Ну что ж, ответил — это хорошо. Не спросил, кто я такая — хорошо вдвойне. Новостей с Тары у меня есть от мамани, и теперь я знаю, что Вовка уже майор. А вот про то, что у него на груди брякает, и словом не обмолвился. Писать ответ раньше, чем через три месяца, нельзя — ну. будет время его обдумать.
Тридцать семь.
Второе письмо. Второй ответ. Третье. Ему пришло ещё одно письмо от матери.
«Шена, солнышко, не в службу, а в дружбу — узнай, что происходит с Людой? У неё должен быть ребёнок от меня, а я так до сих пор ничего не знаю. Мать молчит как партизан, и я опасаюсь нехорошего…»
Конечно, я уже знаю. Уж чтобы моя маменька не знала! Людмила забрала Илюшку и уехала на Айлу еще шесть лет назад. Растить ребёнка на Таре сейчас — сущий кошмар. Судя по всему, дорогу и проживание ей оплатил вовсе не Вовка. Судить её — упаси Боже, но что теперь сказать ему?
Сижу в оранжерее и смотрю вниз. Третья медленно движется. Третья…
Наконец-то война идёт не над нашими планетами. Это честно. Зелёные холмы Тары. Поля Бахаи. Леса и пляжи Какаду. Никогда мной не виденные, но в стольких песнях воспетые косяки рыбы и их пастухи-дельфины в зелёном океане Оркнеи…
Война идёт к концу, и этот конец очевиден.
Только вот не знаю, оправимся ли мы. Возможно, нас забросят поколения на два-три и потом колонизируют снова.
Решать же, что ответить о жене и сыне, мне не пришлось.
«Шене Дунаевой.
Поскольку Вы были вписаны Владимиром Маккензи в реестр служащего в качестве получателя посмертного свидетельства, генетического и финансового аттестата вместо безвестно отсутствующей супруги Людмилы Маккензи…»
«Шенка, если меня убьют, ты получишь мой аттестат и уезжай с планеты нафиг. Ты ещё не старая — иди служить, роди от кого-нибудь».
Хорошо, Вовка, я так и сделаю.
Меня зовут Сара Кергелен. Мне восемьдесят девять лет. Один из классических русских романов начинался точно так же[19]. Мне запомнилось, и тогда я ещё подумала — если буду когда писать мемуары…
Русскую классику я не перечитывала с того времени, как дописала диссертацию, так что, разумеется, ни автора, пи произведение назвать не могу. Даже не просите.
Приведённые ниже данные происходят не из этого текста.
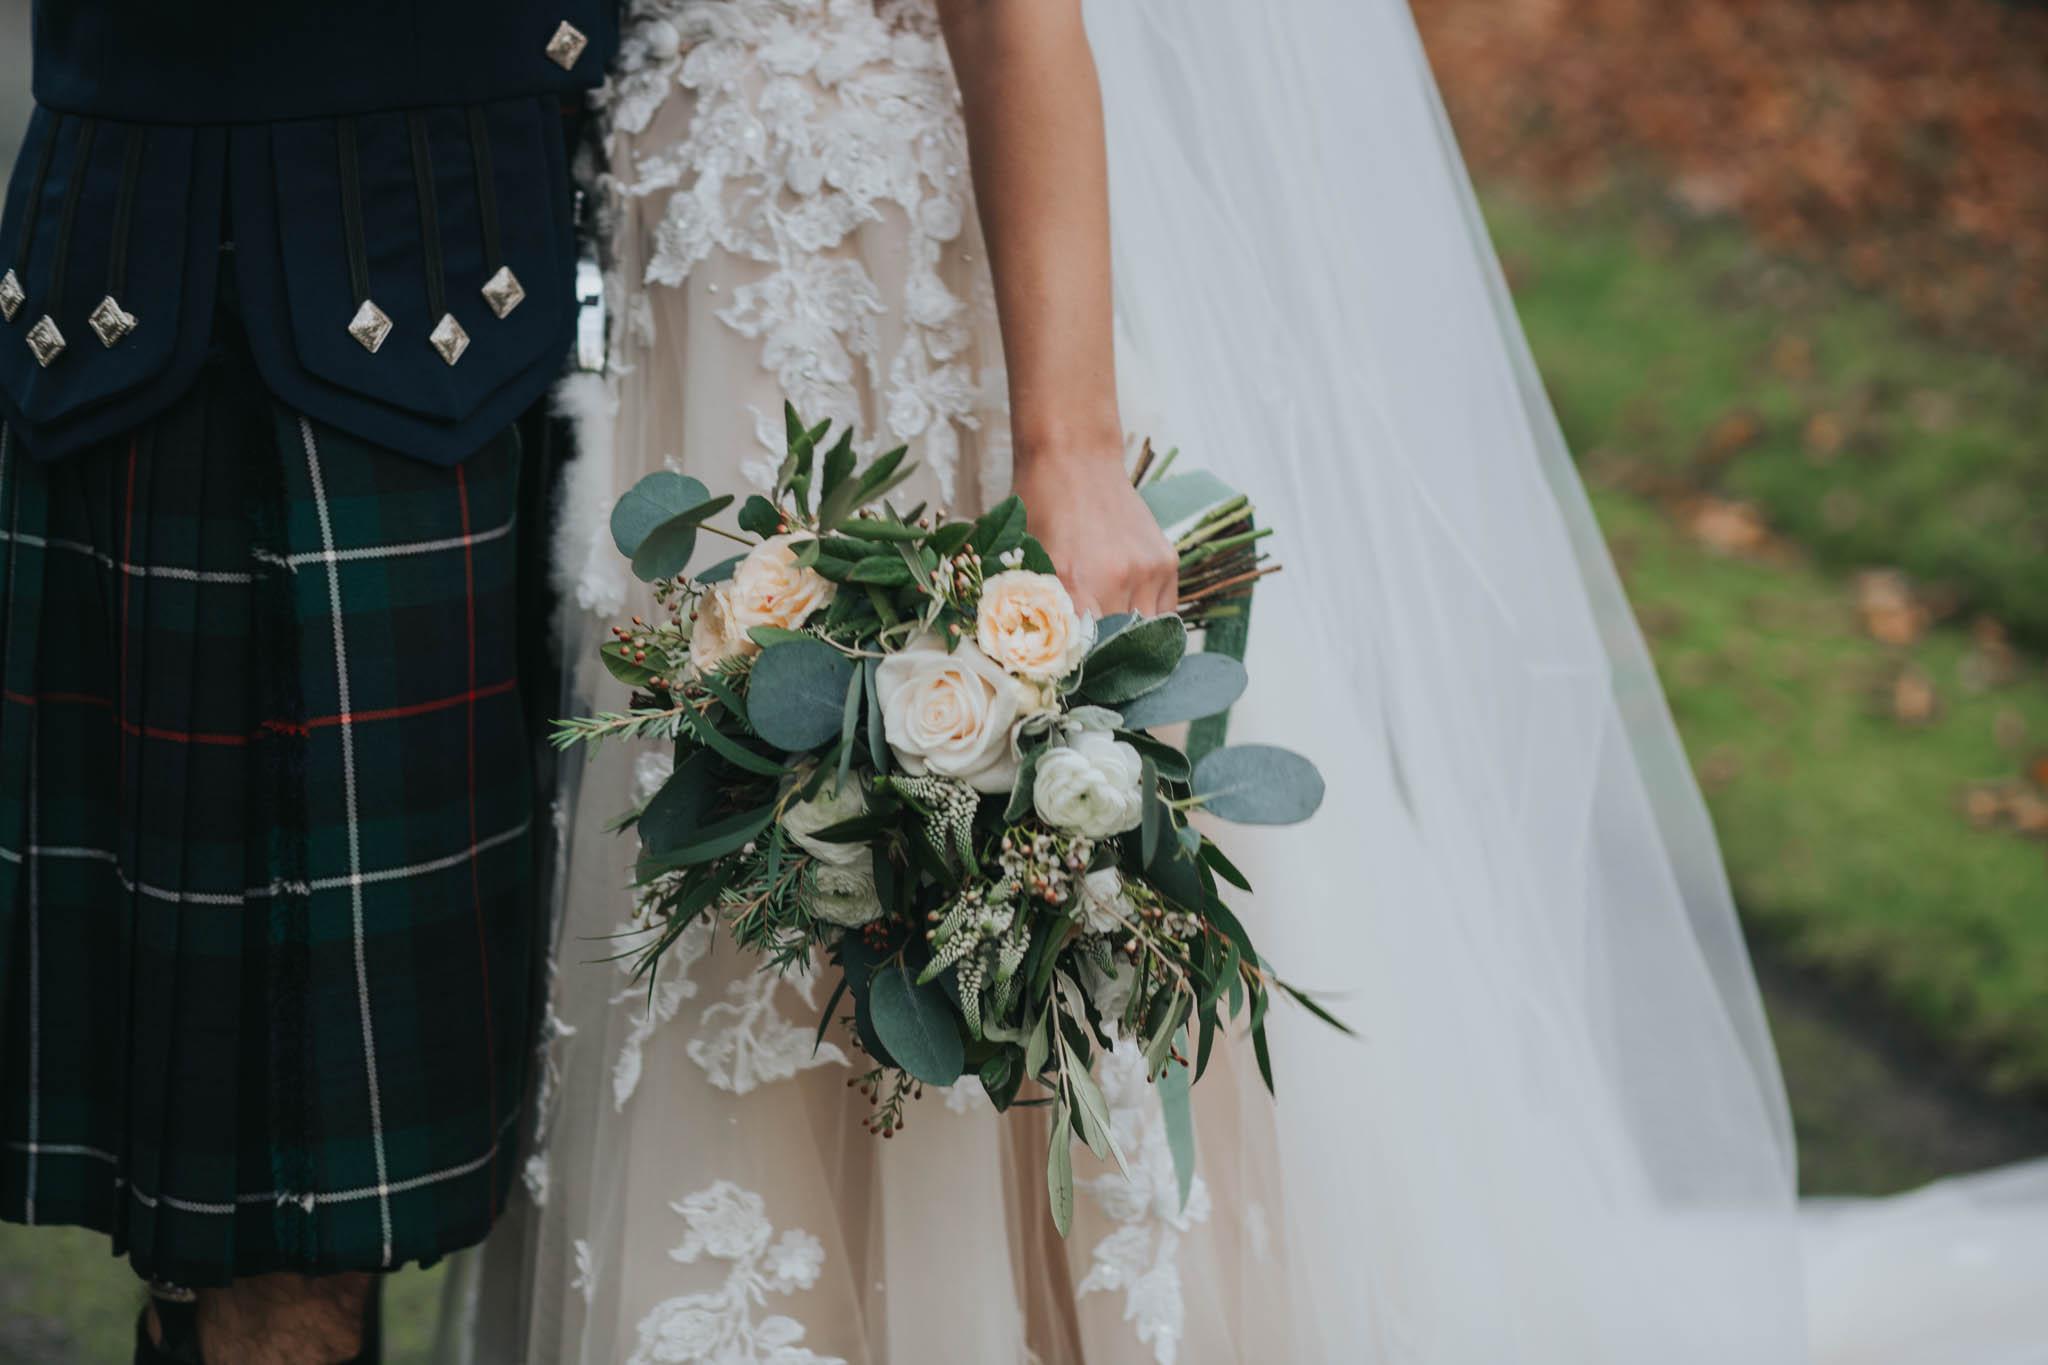 Soft whites, creams & foliage for this bride | Jen Owens Images.
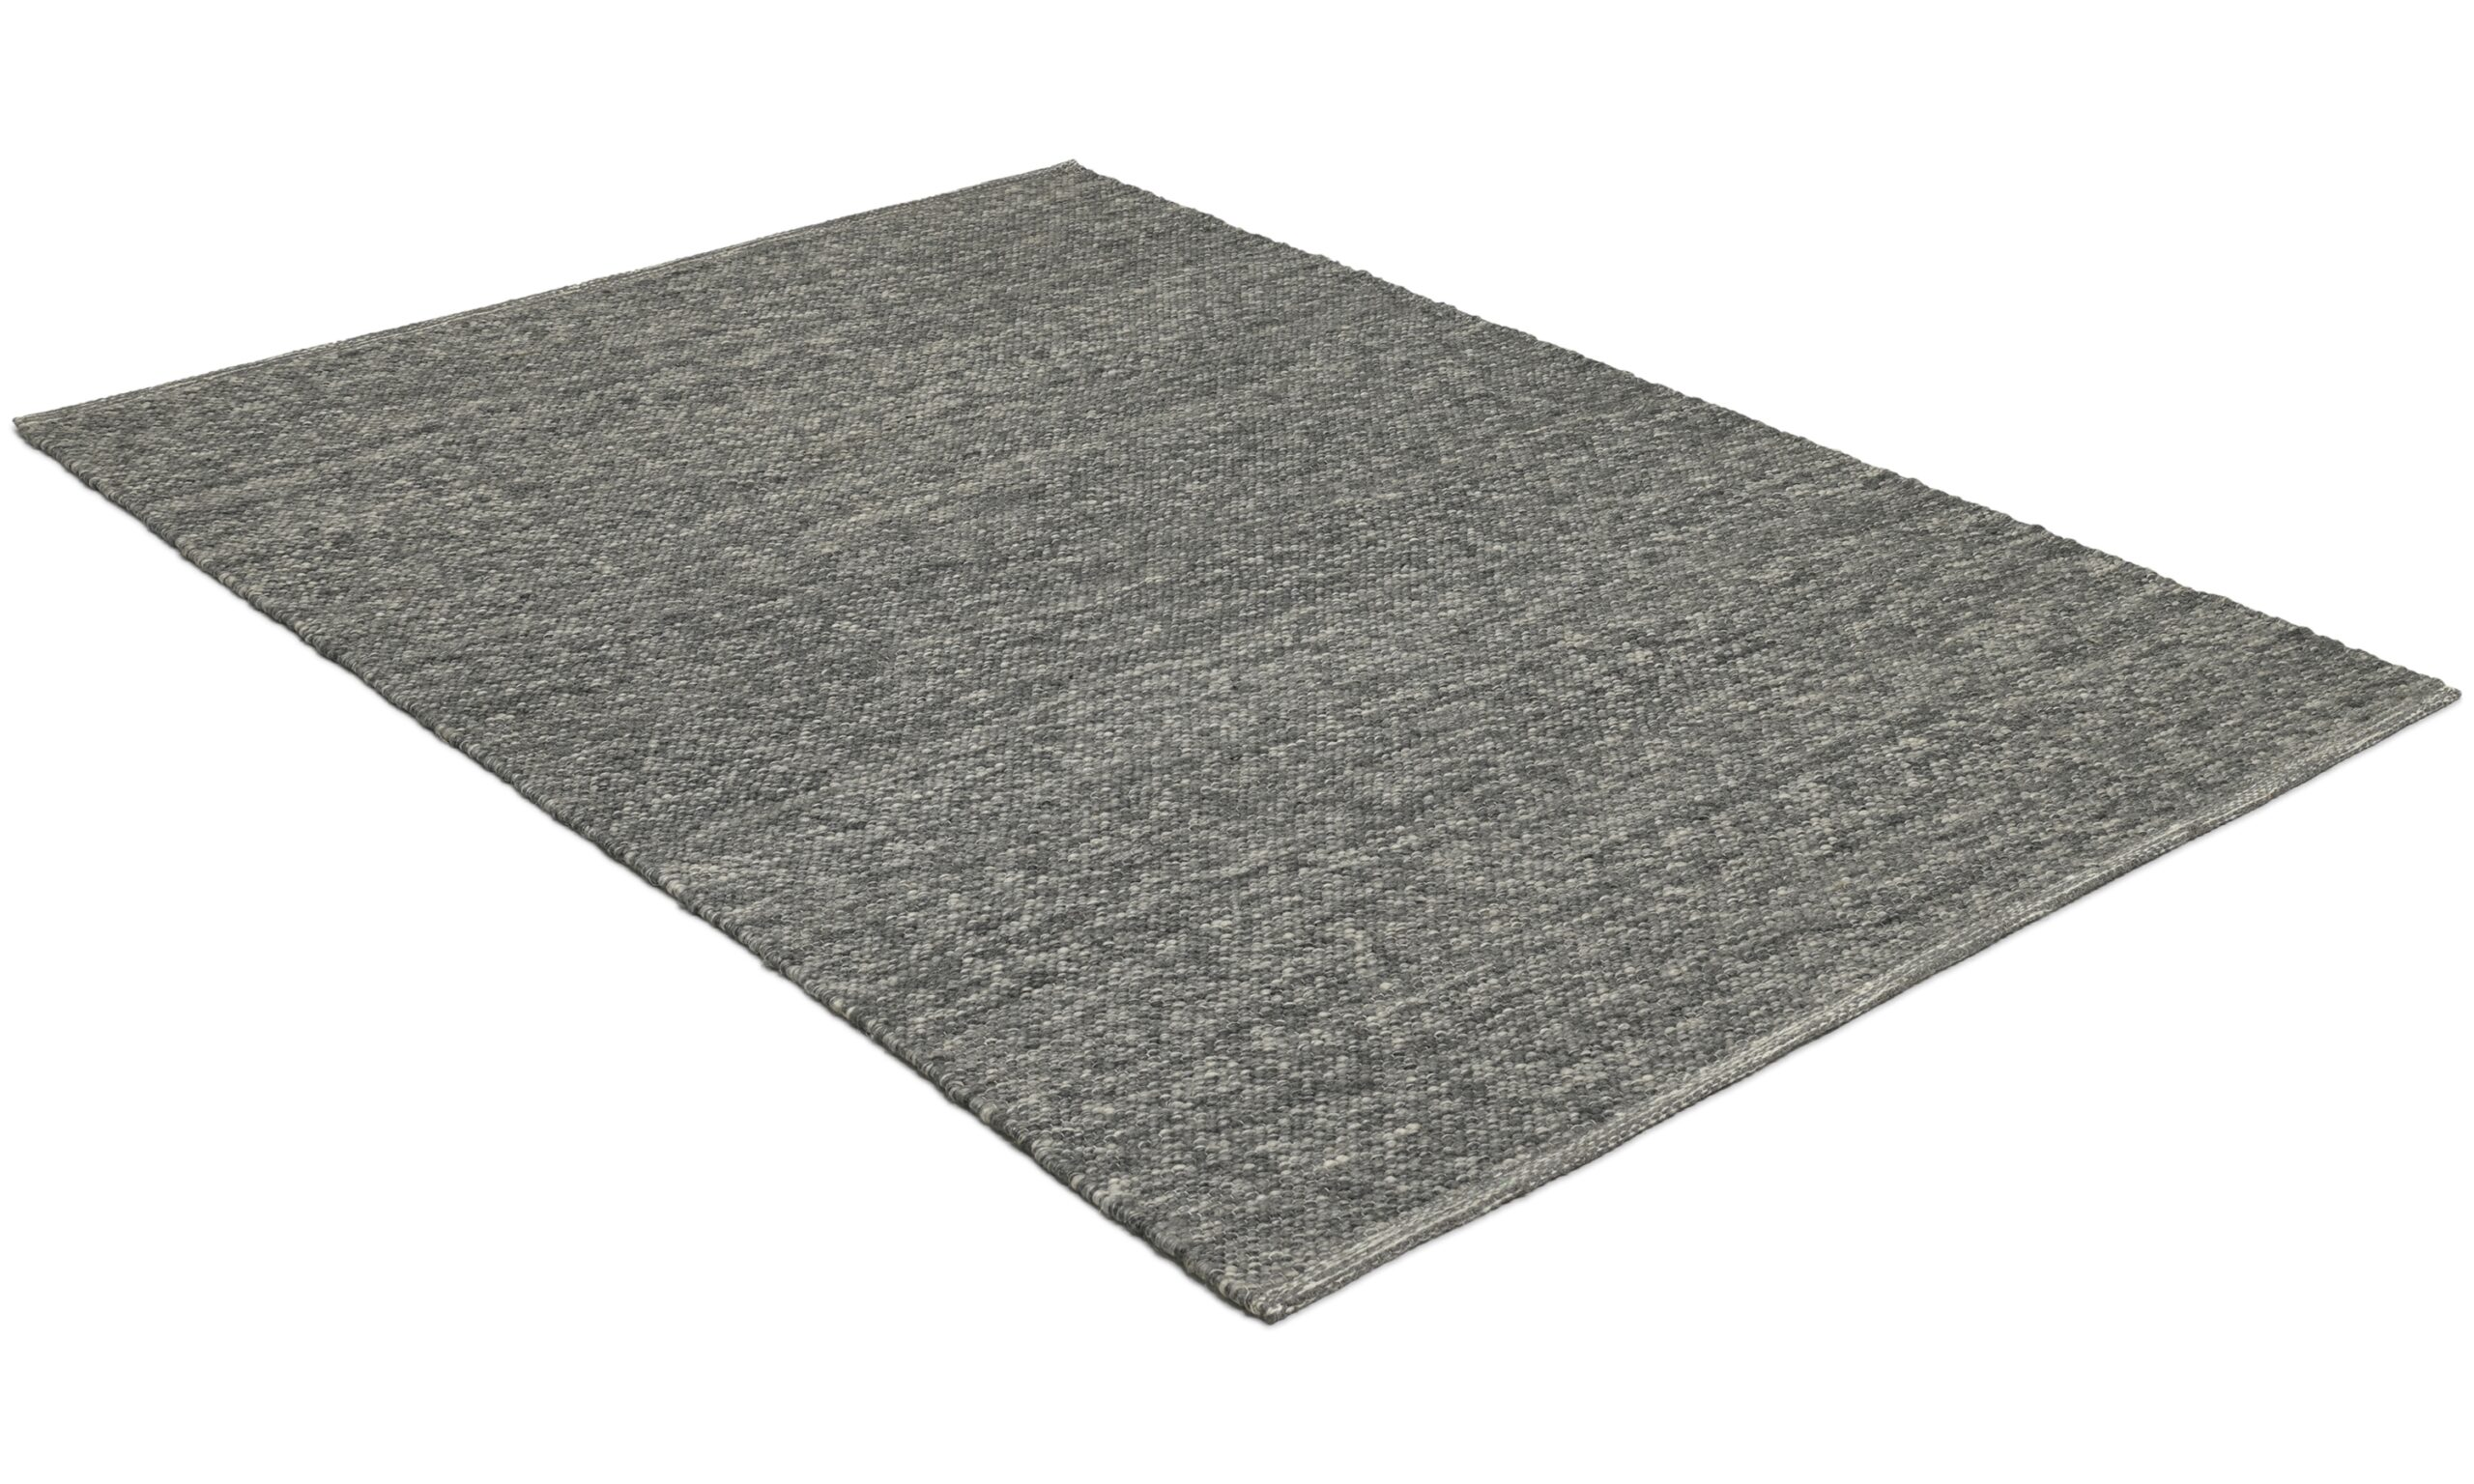 Kalix mørk grå - håndvevd ullteppe

Диссертация моя была посвящена бируфальным, то есть гибридным, двукоренным языкам, одним из корней которых является русский. Моя родная планета — Горнвальд — говорит на германо-русской бируфали. На Тару я приехала изучать русско-гэльскую бируфаль. Это было шестьдесят лет назад.
…Песчаная дорожка между зелёных склонов сухо шепчет под босыми ногами. С океана тянет прохладой, но земля, разогретая солнцем за лето, не поддаётся и обжигает тонкую кожу на сгибах пальцев. Пяткам-то хоть бы что. Но недели через две песок остынет окончательно. Тогда хочешь, не хочешь, а придётся обуваться…
Каждая бируфаль создаёт кроме общей переплетённой языковой области, несколько специфических зон применения. Обычно заметно разнятся инструментальный язык и язык неформального общения, так что мастер-сантехник на Горнвальде, требующий от ученика «подать ему этот проклятый патрубок и чёртов ключ на восемнадцать», произнесёт существительные и глаголы по-немецки, местоимения, союзы и числительные — на горнвалдире, а прилагательными послужат русские инвективы[20]. Да, мои студенты в этот момент тоже начинали смеяться. Говорят, человек тогда хорошо знает свой предмет, когда может рассказывать его так, чтобы было смешно.
Русско-гэльская бируфаль выстроена хоть и по сходной схеме, но с иным раскладом: здесь решают проблемы почти по-русски, пишут стихи и объясняются в любви по-гэльски и виртуозно ругаются на тариене. Тариен — звучный, по-гэльски гортанный и раскатистый, по-русски лукавый и прихотливый, один из самых красивых языков, которые мне встречались. А я слышала многие.
…На крутом склоне мне пришлось повозиться. Вместо того, чтобы бодро сбежать по мягкому песочку на пляж, я медленно сползаю по ветхой лесенке, цепляясь рукой за корни сосен. Ну вот, я почти пришла. Ещё какие-то двести метров по камушкам…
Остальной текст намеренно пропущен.